3.3.2. Subgroup Meta-Analysis of Different Down-Regulation Protocols and Treatment Durations of Pituitary Suppression with GnRHa Prior to Artificial FET Cycles

All subgroup meta-analyses in this study were conducted using a random-effects model, chosen in response to the significant heterogeneity observed within the overall study population. The short-acting regimen (daily protocol) was associated with higher CPR (OR = 1.11, 95% CI: 1.02–1.21, I2 =0.0%, p = 0.02) compared with the control. The differences in IR (OR = 1.17, 95% CI: 0.96–1.42, I2 = 1.7%, p = 0.08), LBR (OR = 1.14, 95% CI: 0.86–1.52, I2 = 26.8%, p = 0.18) and MR (OR = 1.10, 95% CI: 0.95–1.28, I2 = 0.0%, p = 0.16), however, were not considerably different.

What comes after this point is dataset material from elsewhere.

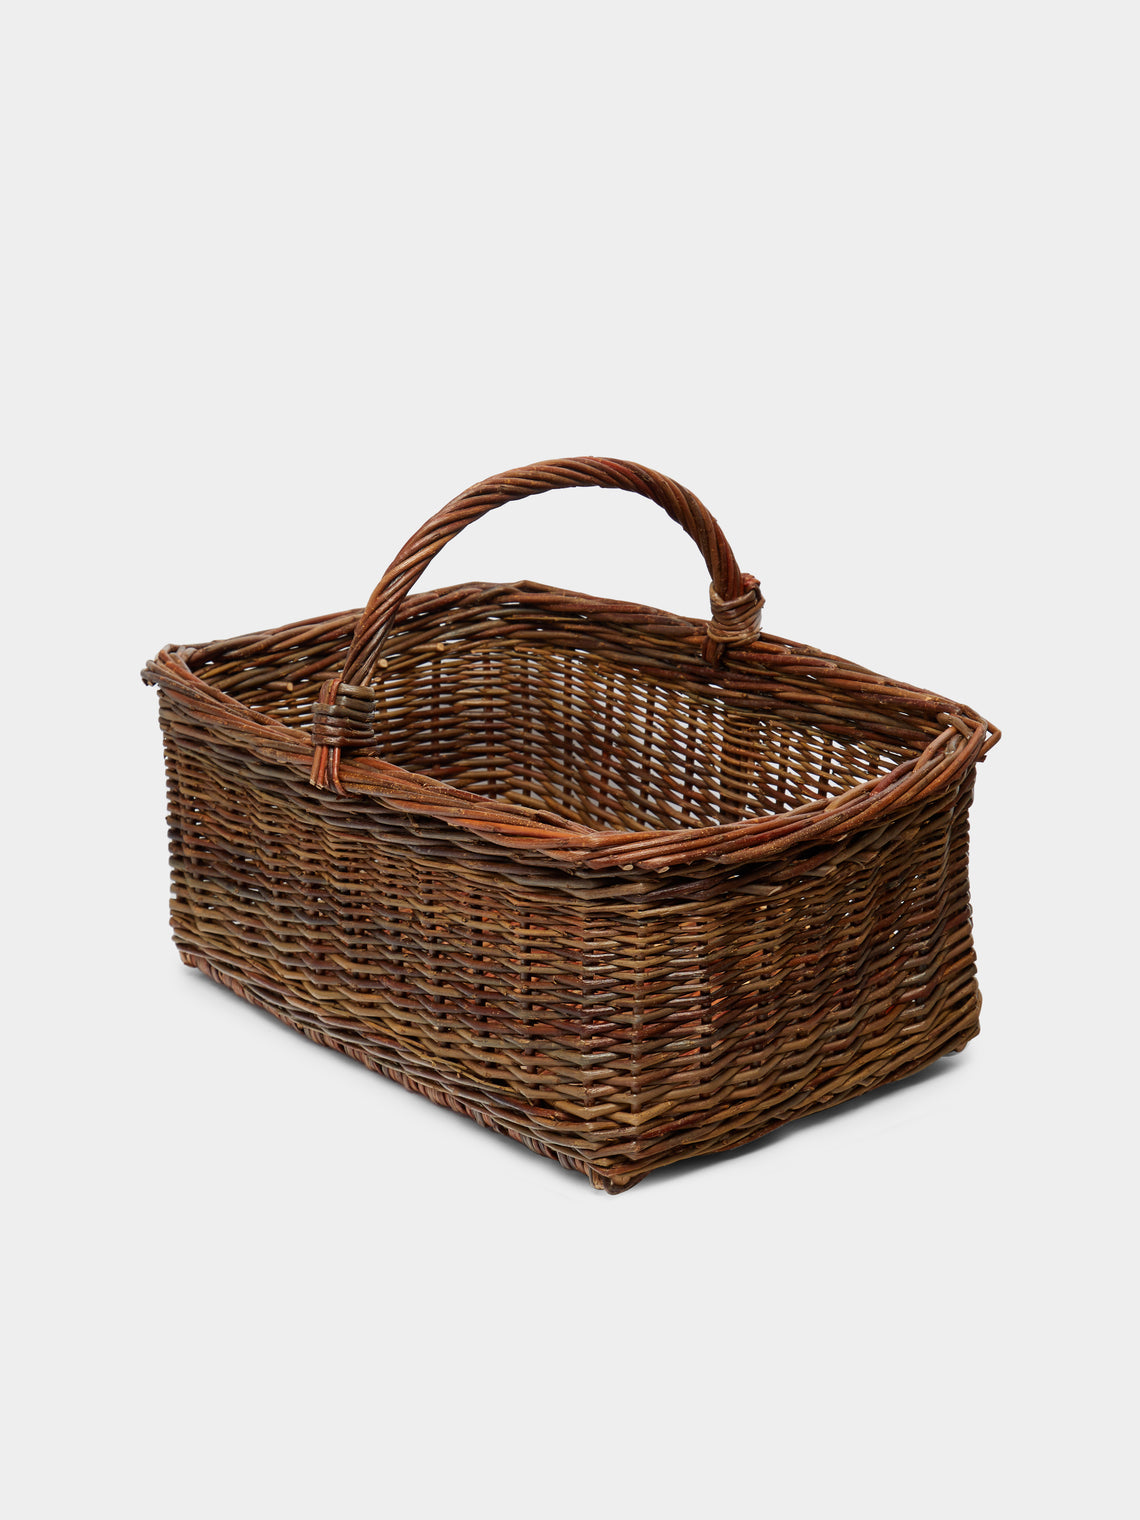 Valérie Lavaure - Handwoven Willow Rectangular Basket -  - ABASK -

On the other hand, pituitary suppression with long-acting GnRHa (depot protocol) improved CPR (OR = 1.25, 95% CI: 1.08–1.44, I2 = 72.1%, p = 0.004), IR (OR = 1.28, 95% CI: 1.02–1.59, I2 = 78.9%, p = 0.03), and also LBR (OR = 1.19, 95% CI: 1.04–1.37, I2 = 72.1%, p = 0.02), accompanied by insignificant changes in MR (OR = 0.93, 95% CI: 0.75–1.15, I2 = 48.2%, p = 0.48). Comparing the two protocols, pregnancy outcomes after FET seemed to be slightly improved with depot GnRHa administration. However, their differences were not significant (Table 2 (B) and Supplementary Figure S4).
Women who were pretreated within one cycle prior to FET had better CPR (OR = 1.17, 95% CI: 1.04–1.32, I2 = 61.3%, p = 0.01), IR (OR = 1.16, 95% CI: 1.02–1.32, I2 = 56.7%, p = 0.03), and LBR (OR = 1.28, 95% CI: 1.03–1.60, I2 = 77.8%, p = 0.03). After pituitary suppression, MR did not differ from the non-pretreated group (OR = 0.87, 95% CI: 0.69–1.09, I2 = 53.7%, p = 0.21). Moreover, women who were pretreated more than one cycle prior to FET demonstrated, to a greater extent, improvements in CPR (OR = 2.00, 95% CI: 1.29–3.10, I2 = 66.4%, p = 0.01), IR (OR = 2.07, 95% CI: 0.97–4.43, I2 = 64.4%, p = 0.05), while LBR (OR = 1.42, 95% CI: 0.24–8.39, I2 = 37.9%, p = 0.24) and the rate of miscarriage (OR = 0.50, 95% CI: 0.01–24.11, I2 = 72.6%, p = 0.52) were not significantly different compared with the control. In summary, compared to short-term suppression, prolonged GnRHa administration resulted in better CPR and IR (p < 0.05), though no significant differences were found in LBR or MR (Table 2 (C) and Supplementary Figure S5).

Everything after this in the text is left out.